孤品小说

孤品小说>华夏五千年上下 > 公元前2070年夏朝建立(第1页)

公元前2070年夏朝建立(第1页)

嵩山的晨雾还没散,像一层薄纱裹着刚抽条的树苗,大禹踩着露水上了观景台。台是用治水时剩下的青石垒的,石缝里还卡着去年的枯草。他扶着被雨水泡得发黑的木栏杆,望着远处——洛水泛着银亮的光,岸边新插的秧苗排得整整齐齐,几个戴斗笠的农人正弯腰薅草,吆喝声顺着风飘上来,软软的,带着水汽。

“禹伯,该议事了。”身后传来伯益的声音,他手里捧着一卷竹简,竹简边缘被磨得发亮。大禹回头,看见伯益袖口打着补丁,那是上次在淮水堵决口时被碎石划破的,到现在还没换。

“再等等。”大禹的声音有点哑,他从怀里摸出块干硬的粟米饼,掰了一半递给伯益,“尝尝,涂山氏送来的,加了枣泥。”

伯益接过来,咬了一口,饼渣掉在衣襟上,他慌忙用手指拈起来塞进嘴里:“涂山氏的女子手巧,去年送来的麻鞋,我穿到现在还没磨破底。”

大禹笑了,眼角的皱纹挤成一道道沟壑:“她们族长的女儿,当年我治水到涂山,她捧着酒坛站在渡口,说‘若能止洪,我族愿岁岁纳贡’。如今可不是岁岁纳贡了?”他顿了顿,望着东边的太阳把雾染成金红色,“那时候我就想,这天下,得有个章法。”

伯益没接话。他知道大禹说的“章法”是什么——尧传舜,舜传禹,都是选贤能,可大禹这些年总把儿子启带在身边。上次在兖州划地界,启跟着丈量土地,手里的木尺磨得光滑,比伯益自己用的还趁手。

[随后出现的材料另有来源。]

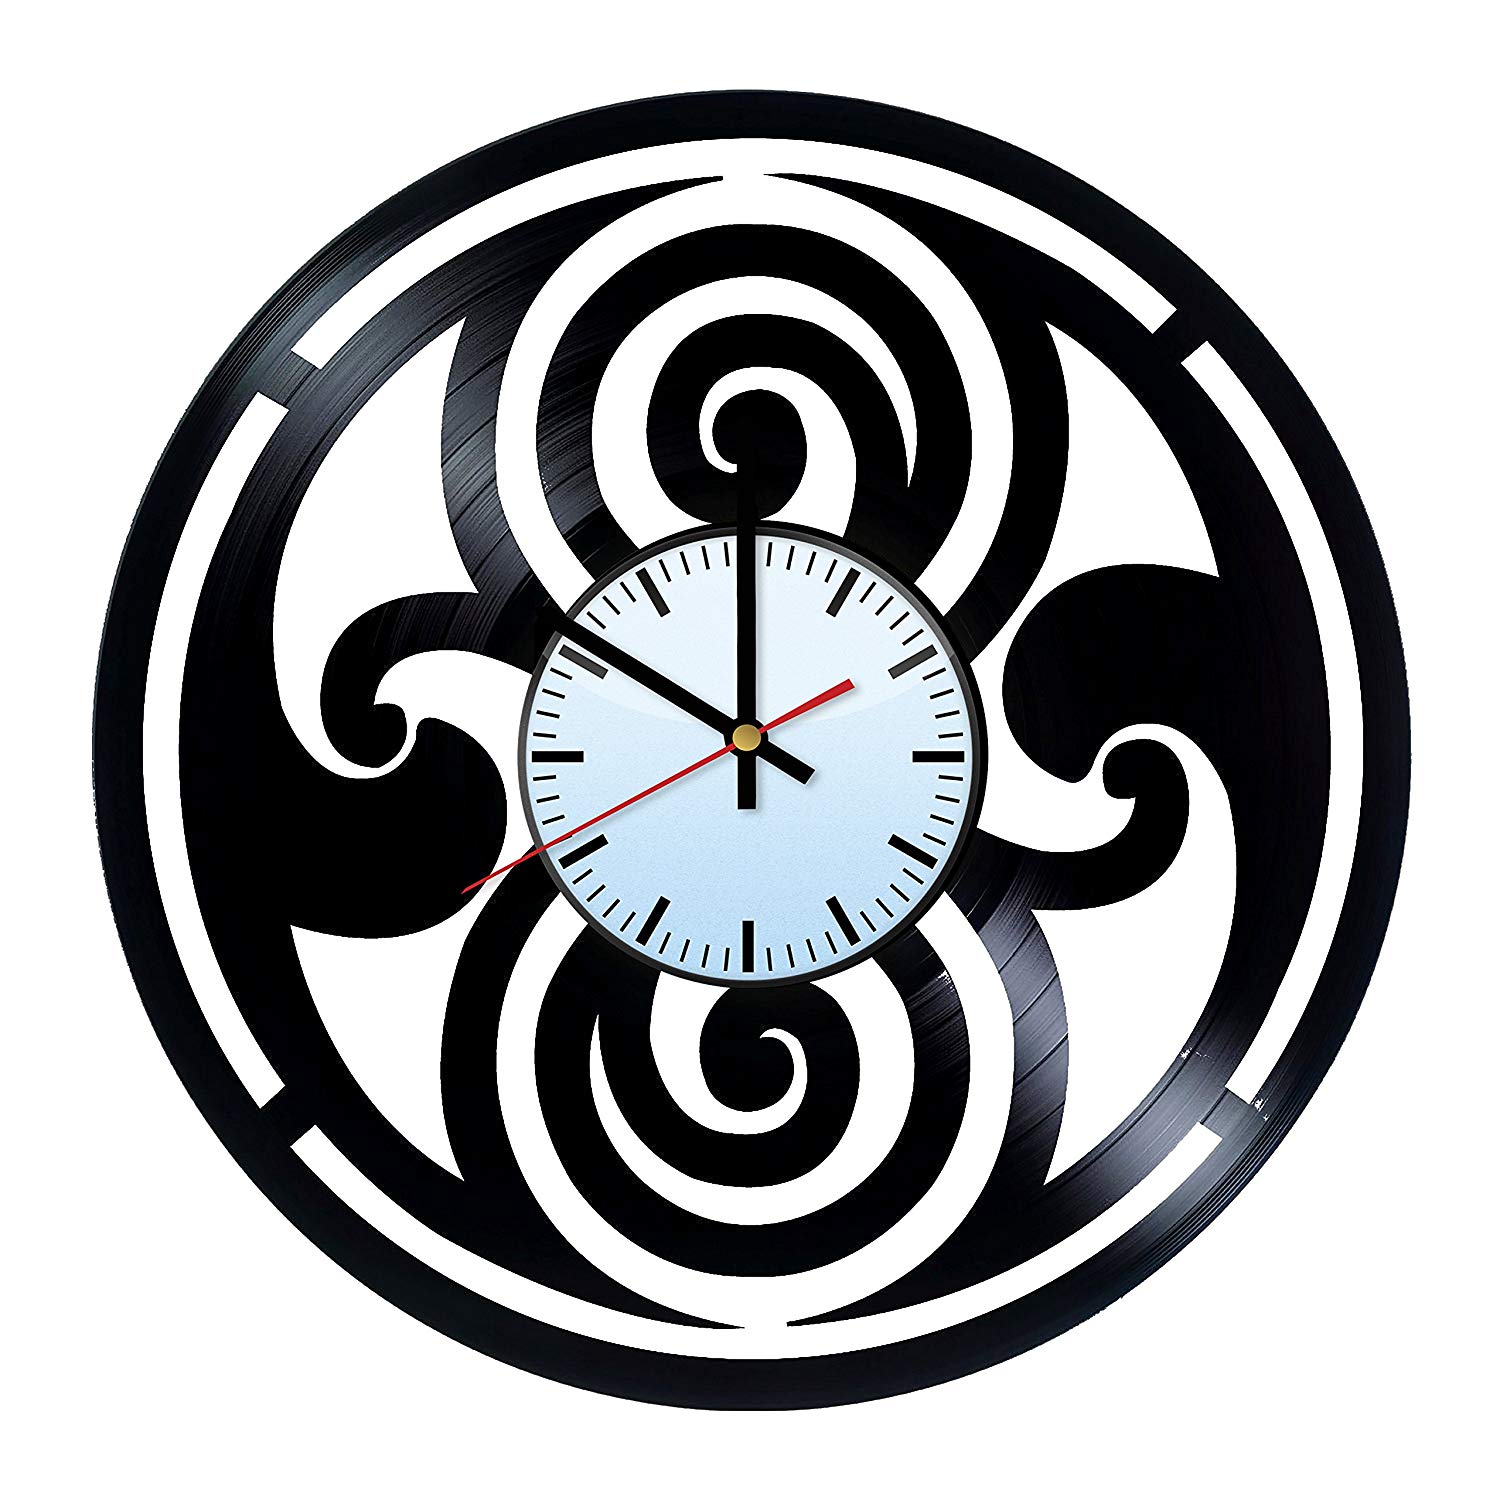 Strange Logo - Baden Baden Doctor Strange Logo Vinyl Record Wall Clock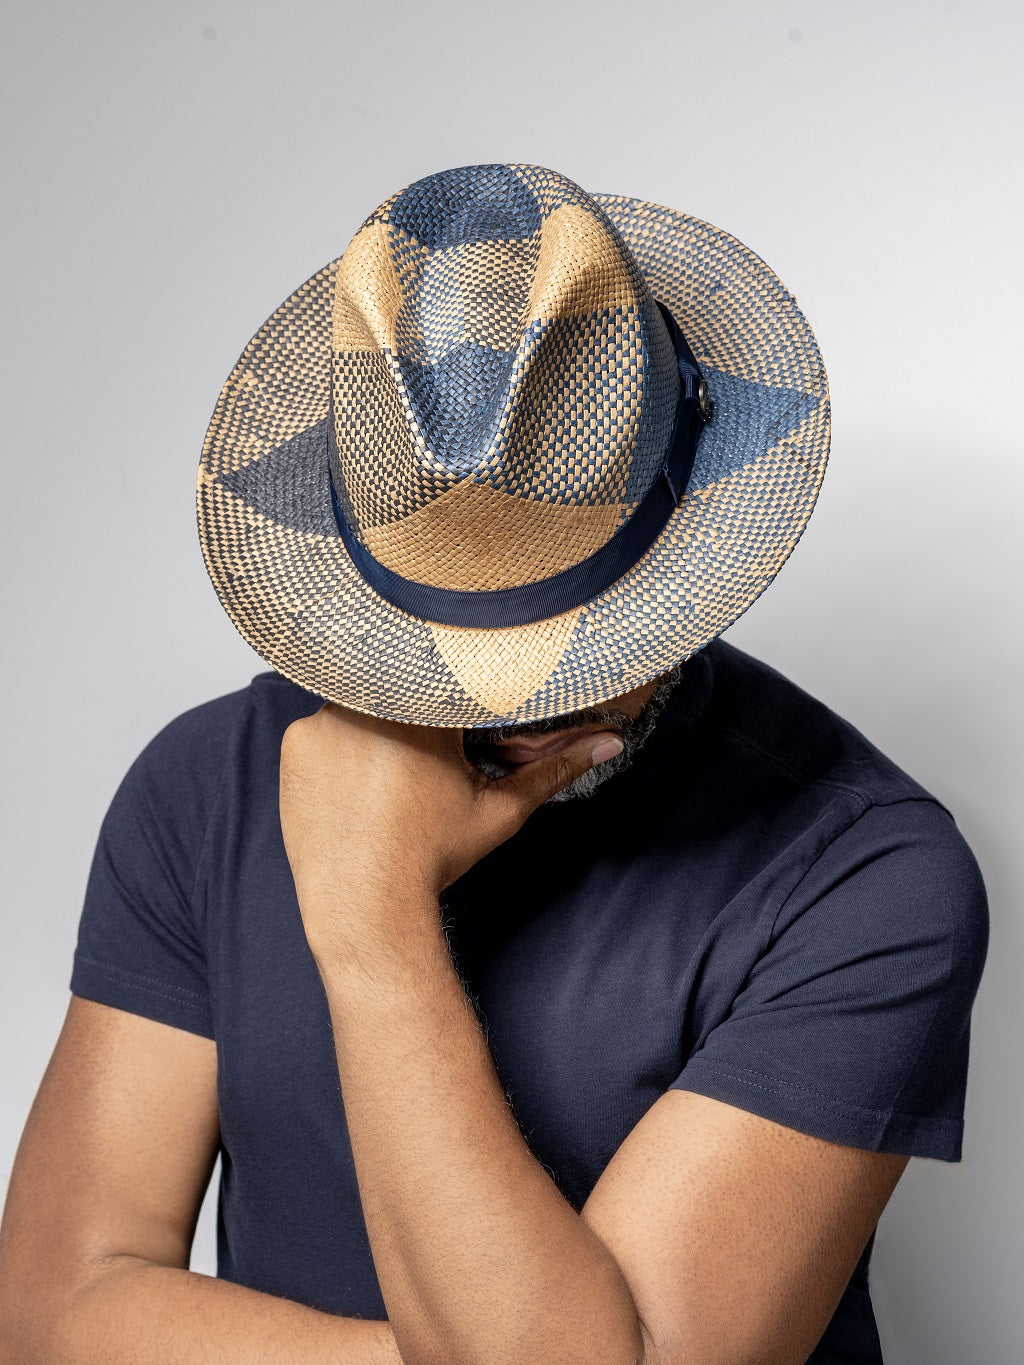 Cuban Collection Hats Bruno Capelo

议事的鼓声在日头升高时响了,夯土筑成的宫殿里,三十多个族长围着石案坐定。案上摆着各州的贡物:青州的海盐堆成小丘,徐州的玉石泛着油脂光,豫州的粟米装在陶瓮里,沉甸甸压得案脚吱呀响。

“今年的水患,总算压住了。”大禹敲了敲石案,案上的陶碗跳了跳,“可淮河沿岸还有三个部落没归顺,秋收前若不拿下,他们准会抢粮食。”

南边的三苗族长猛地站起来,腰间的铜刀撞在石案上,当啷一声:“禹伯,我带族人去!去年他们抢了我族二十担谷,这笔账该算了!”

大禹摆摆手:“不急。”他指了指墙上挂的帛图,图上用朱砂画着河流山脉,“我已让启带着五百武士,在淮水南岸扎了营。他说,先派人送去十担新米,告诉他们:归顺了,明年的种子我们出。”

底下有人嘀咕:“启还年轻,怕是镇不住场子。”

大禹没抬头,只是用手指摩挲着石案上的刻痕——那是他治水时,用树枝在泥地上画河道的习惯,后来工匠就把这些刻痕雕在了石案上。“他十七岁那年,在黄河渡口,为了堵住溃口,抱着石头跳进冰水里,三天三夜没合眼。”他的声音不高,却让满殿的议论声都停了,“你们谁的儿子,能做到?”

没人说话了。殿外的阳光斜斜照进来,落在大禹的背上,把他的影子拉得很长,像座弓着腰的山。

这样的日子过了五年,大禹的咳嗽越来越重,冬天里常常咳得直不起腰。那天他躺在病榻上,盖着涂山氏织的葛布被,启跪在床边,手里攥着块湿布,正给父亲擦额头。

“爹,喝口药吧。”启的声音有点抖,药碗里飘着苦味,那是从巫山采来的草药,据说能治喘。

大禹摆摆手,枯瘦的手抓住启的手腕,手背上的青筋像老树根:“我藏了个匣子,在床底下。”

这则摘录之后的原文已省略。